Pritzker students often volunteer with local mentoring and tutoring organizations such as the Chicago Youth Program or the South Side Science Scholars. MD-PhD candidate Michael Okoreeh was recently recognized for his work with Target HOPE, an educational organization for minority high school students in Chicago. Staff member Rebecca Silverman sat down with Michael to hear more.
Tell me a little bit about Target HOPE.
Target HOPE is an organization started over a decade ago by Euclid Williamson. It is a mentorship and educational enrichment program that provides inner-city high school students with guidance and extra advising through high school and into college. Additionally, a secondary focus teaches participants how to succeed once they are in college. There is a “senior seminar” portion which teaches seniors what to expect when they matriculate: how to interact with faculty, how to adjust being in a larger student body, picking majors, managing money, loans—things I was not prepared for when I went off to college. Life skills.
The program is run once a week. In addition to the senior seminar component, there is an English communications portion which helps students with public speaking and personal statement construction, and also with bigger-picture skills like talking about social justice issues in Chicago. Finally, there is a STEM portion that I run with Daniel Ruiz (a graduate student in the BSD studying metabolism). We try to teach students basic scientific knowledge, and we also do different experiments and touch on social justice and environmental justice issues that can impact health. I do a lot by myself, but I have a lot of friends whom I can call on to teach Target HOPE students about specific areas that I may not be an expert in. Inviting guests to teach also helps widen the network of people students know.
How did you get involved?
I got involved in the most random way! It actually played a big role in me choosing to come to Pritzker for medical school as well. During my year off [between college and graduate school], I was working in the lab that I am now working in for my PhD. I had been a participant in some pipeline programs at UChicago; a connection from my first summer here was the STEM leader for Target HOPE. She invited me to be on a panel she was leading right around the time I was deciding where to go to medical school. Through that panel, I learned more about the program. Afterwards, all of these students were taking my number and getting in contact with me, which was really cool. I realized that coming to Pritzker would give me a great opportunity to be here as both a mentor and a student.
At first, I assisted a graduate student who asked me to take over; I did a few classes on healthcare disparities and a math lesson. When the graduate student left, I stepped up to take her position. Daniel came along as well and we've been curriculum partners for two years.
Had you done previous mentoring and tutoring at other points in your life?
In undergrad, I was a teaching assistant for a class. I have always done teaching or mentorship, but this is my most official role. The roles I had in college gave me the confidence to believe I could do this.
Do you hope to incorporate teaching into your future career?
I have a lot to learn from Euclid. He built this program from nothing, seeing that bright students in Chicago were missing something. I would like to at least have my own program like Target HOPE. Of course, I wish the need were not as great, but having a role to connect people of color with other mentors so they can see a future that they didn't think was possible—I could see that.

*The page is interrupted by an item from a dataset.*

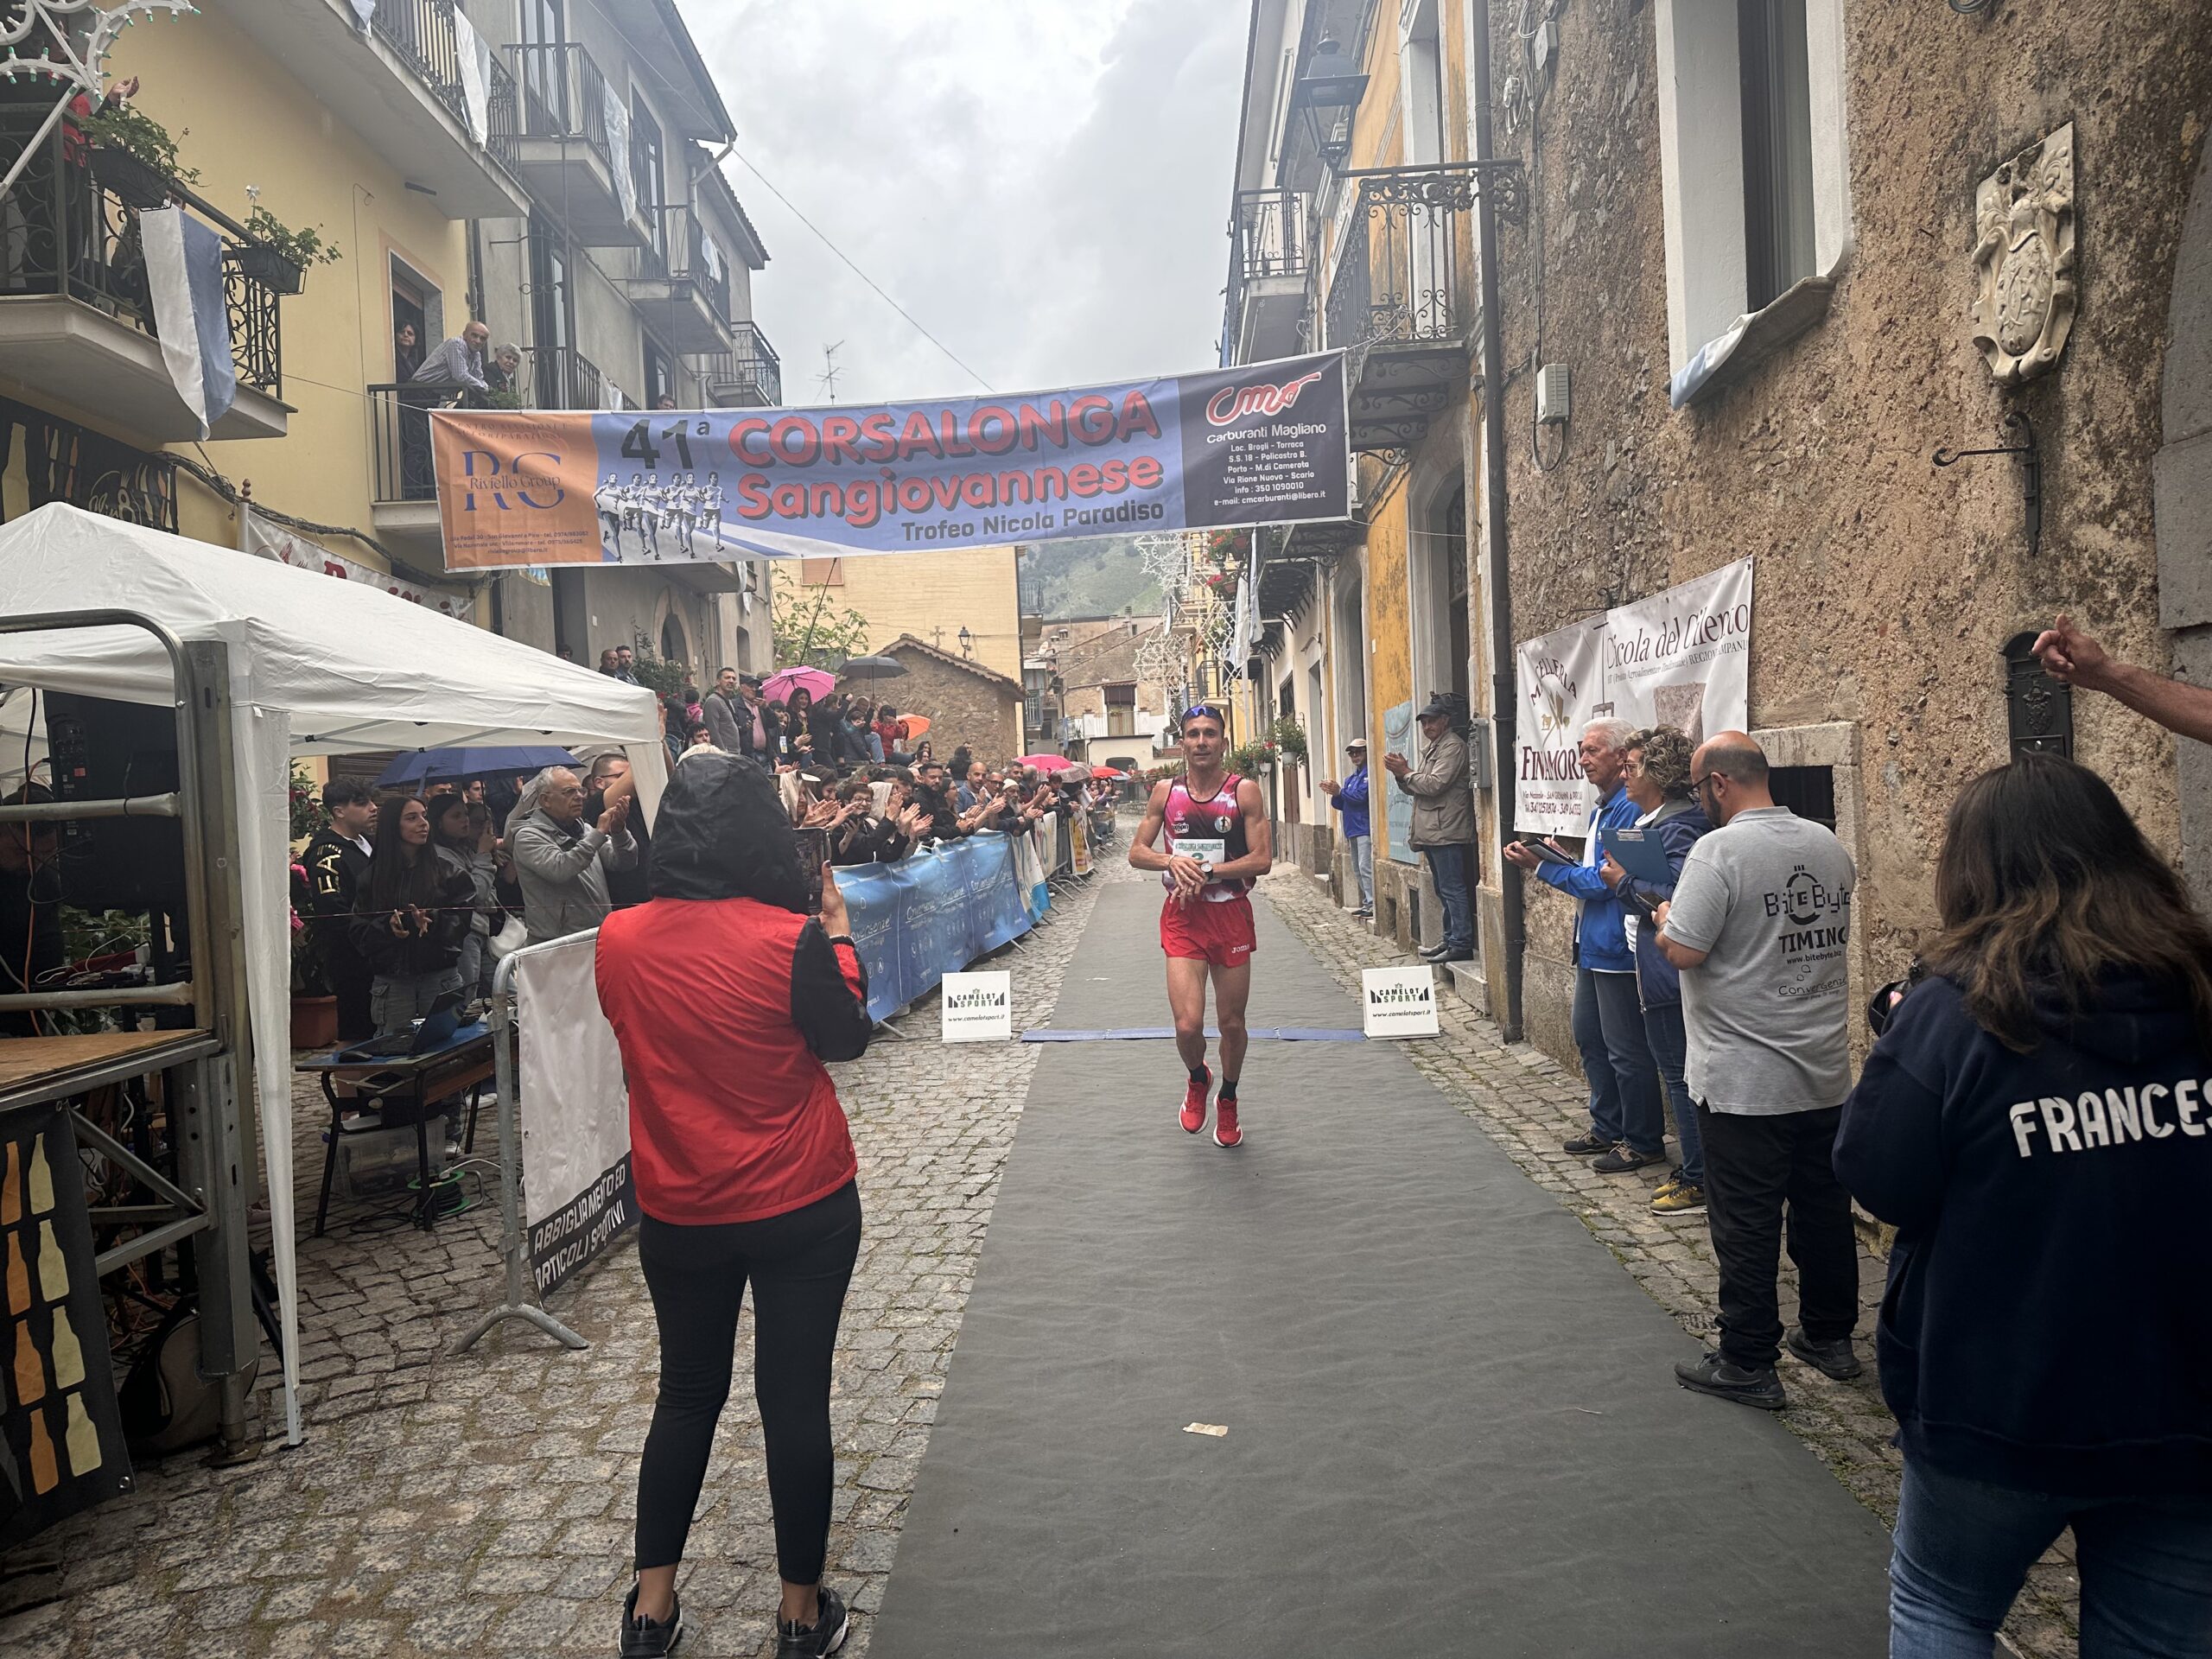 San Giovanni a Piro, Corsalonga: Iannone cala il tris. Nimbona straccia record femminile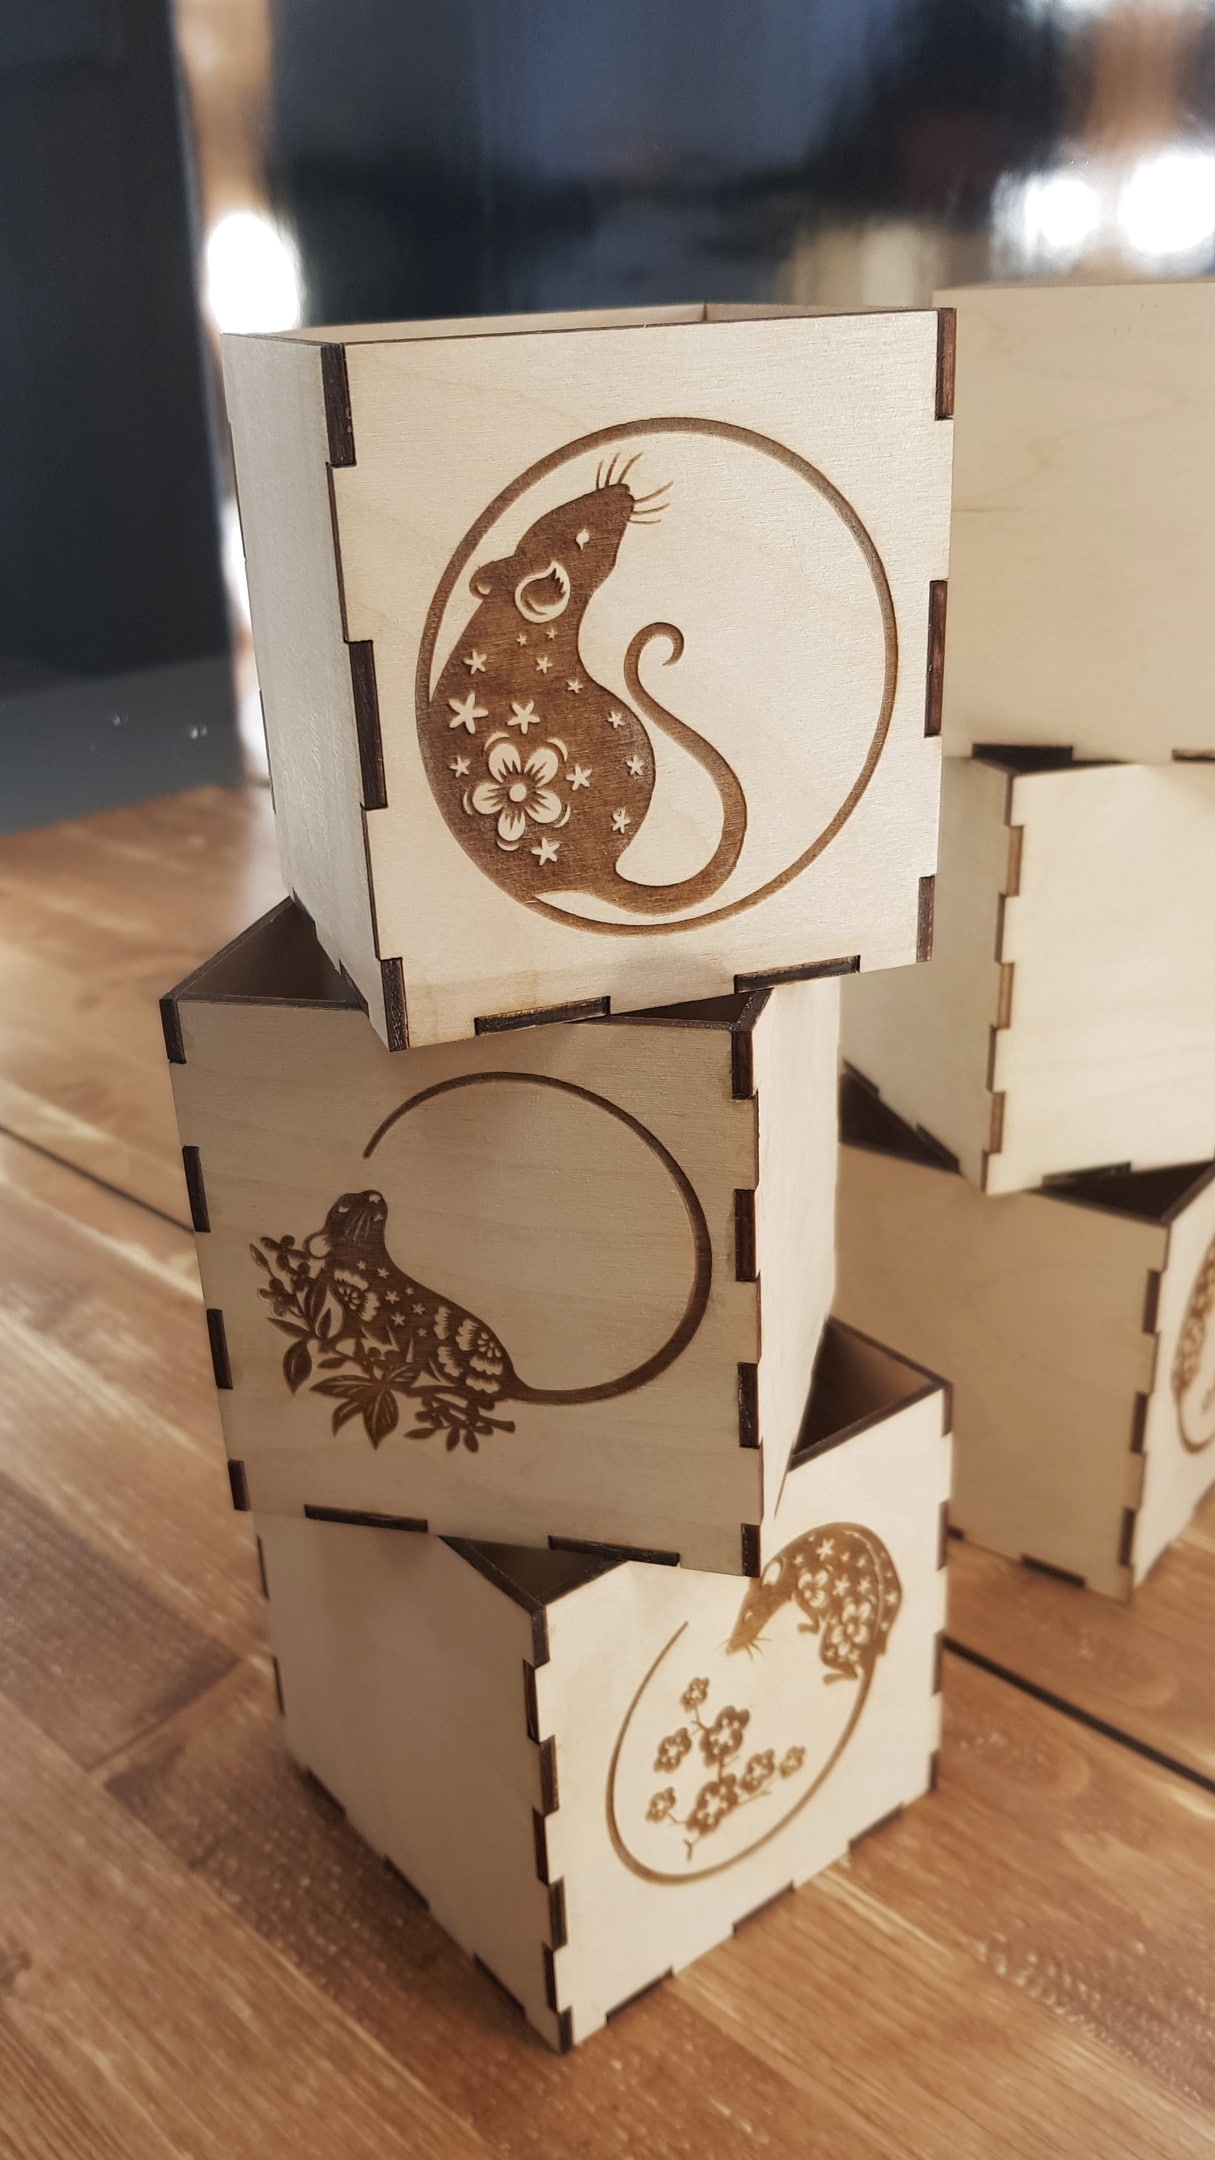 激光切割雕刻新年装饰木盒

I would like to see more underrepresented minorities in STEM, whether they're physicians or professors. Seeing somebody that looks like you doing something that you didn't think you could do is life-changing. I want to give direction to people who are on that road.
STEM education and employment can sometimes seem like a broad term. Is there anything you focus on specifically? Or anything particular within STEM education that you find your students are not receiving from the city’s public schools?
I started out with more practical knowledge like chemistry and fundamental principles of biology, but to pique their attention more, I started doing experiments. There's a cool hot ice experiment that forms a crystal before your eyes, which is really engaging. Daniel does environmental justice, so he will talk about how water is filtered and gets into our tap. Then I came in and talked about how filtration impacts health, who sets standards for clean water, and how those standards differ across neighborhoods and countries. I try to make science impact their lives more broadly. Recently we've been talking about the situation in Puerto Rico and the effects of the hurricane.
It seems like the alumni network of Target HOPE is particularly robust. What function does the alumni network play after students have matriculated into the next phase of their education?
Target HOPE is Chicago-based, but they have a large network. When students go to college, they set up networks around those schools to support each other. Schools in the Midwest and historically black colleges and universities (HBCUs) have chapters. However, the weekly program is just in Chicago and we meet at Chicago State University.
What outcomes have you seen from your work and the work of Target HOPE? I've only been doing it for going on two years now, so the class I started with is still there. However, Miciah—the student in the photo—has been my biggest success story. My roommate and I helped him apply to colleges and gave him advice on his personal statement… that was really rewarding. He is now a sophomore at the University of Illinois – Urbana-Champaign.
This is definitely a team effort and everyone who comes through to help is appreciated.